§ Directions: Please transcribe the listing that follows exactly; images are to be excluded.

§ Supplied information:
----

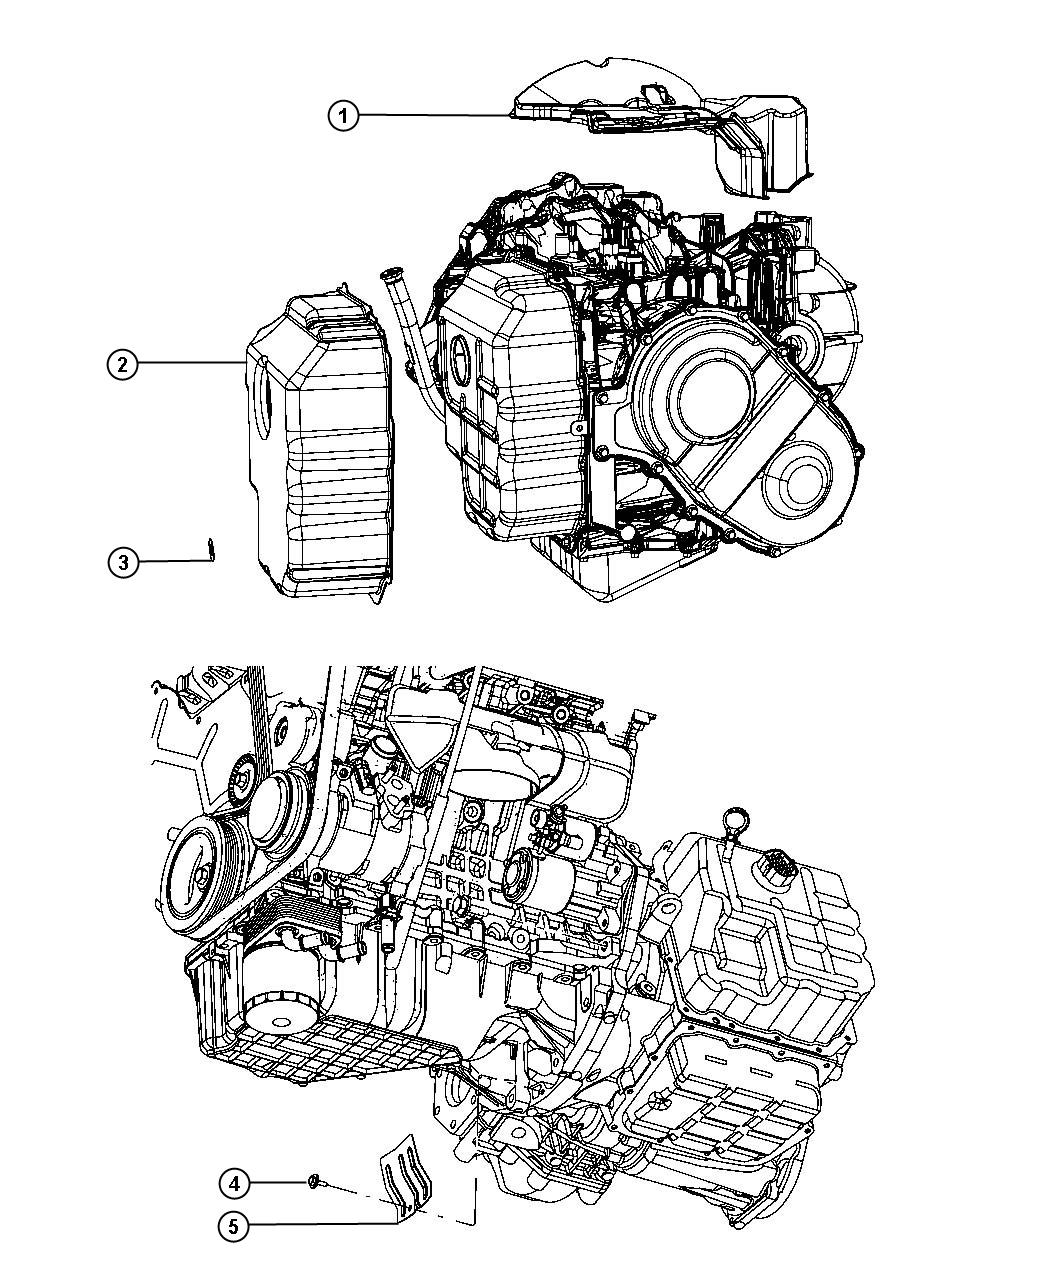 Chrysler 200 Shield Transmission Vehicles Used
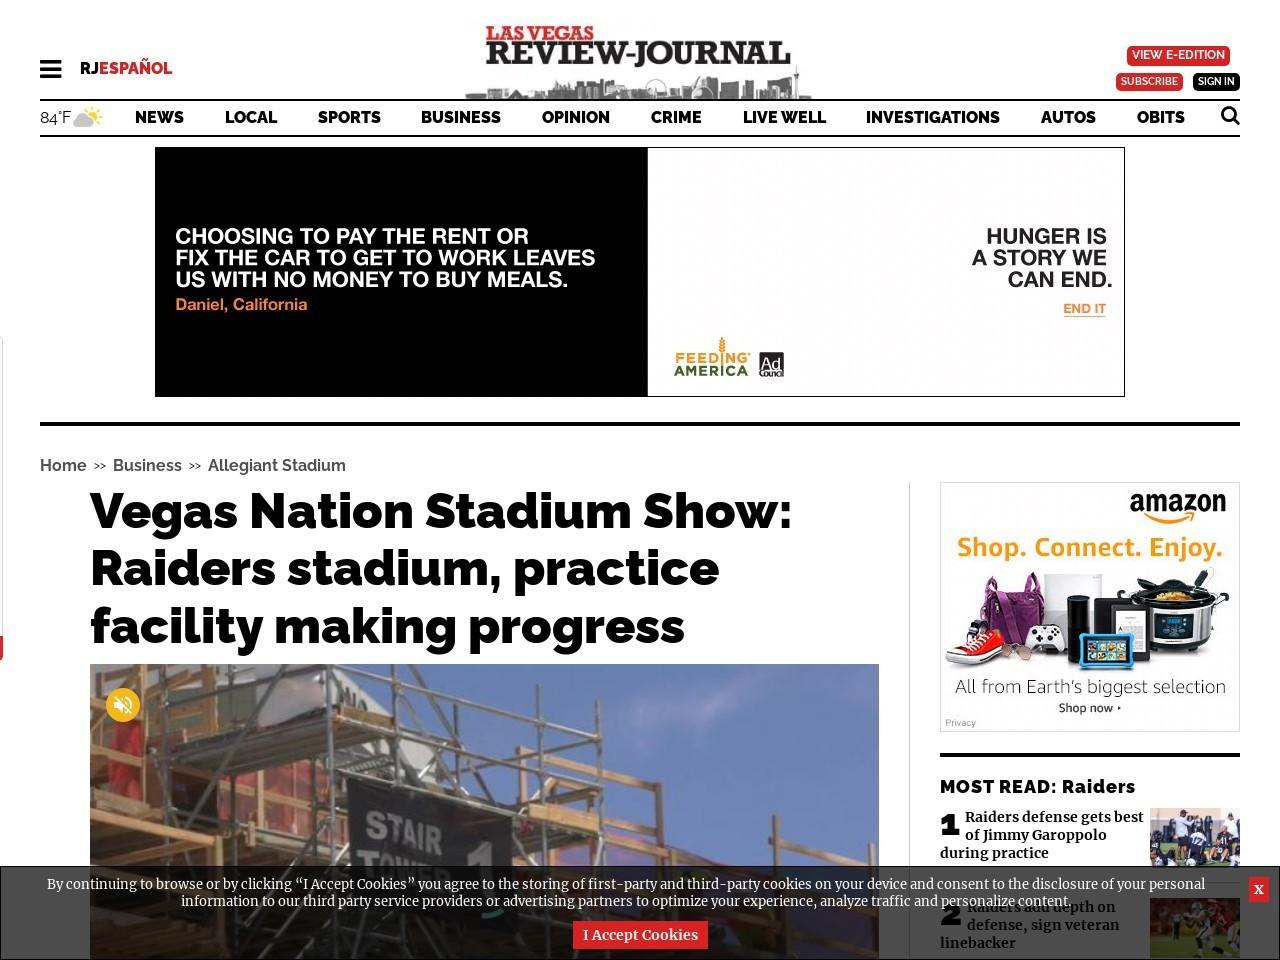 Vegas Nation Stadium Show: Raiders stadium, practice facility making progress
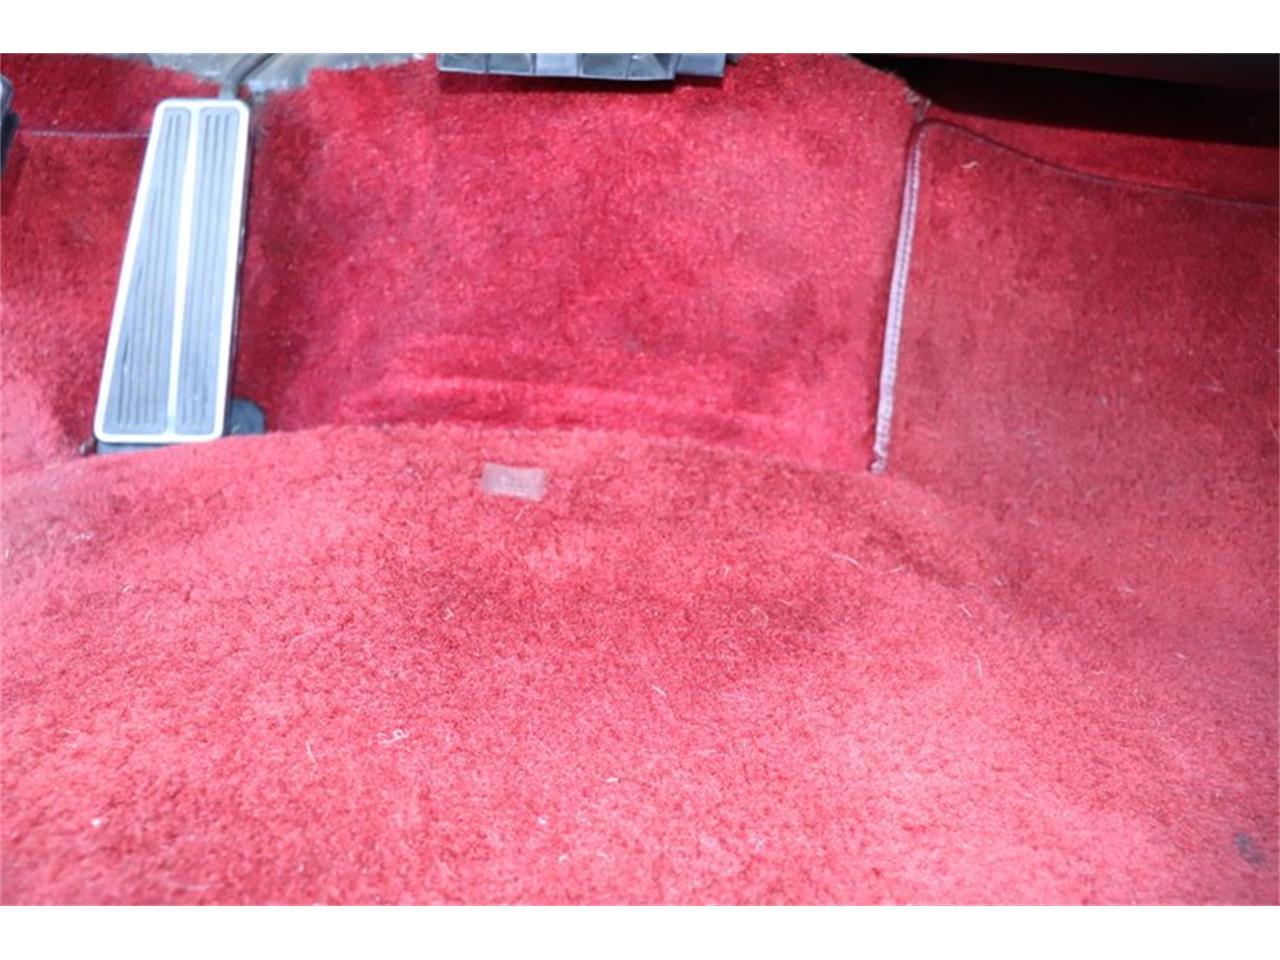 Large Picture of '82 Oldsmobile Toronado - $8,900.00 - PPX3

----

§ The answer:
 Chrysler 200 Shield Transmission Vehicles Used
 Vegas Nation Stadium Show: Raiders stadium, practice facility making progress
 Large Picture of '82 Oldsmobile Toronado - $8,900.00 - PPX3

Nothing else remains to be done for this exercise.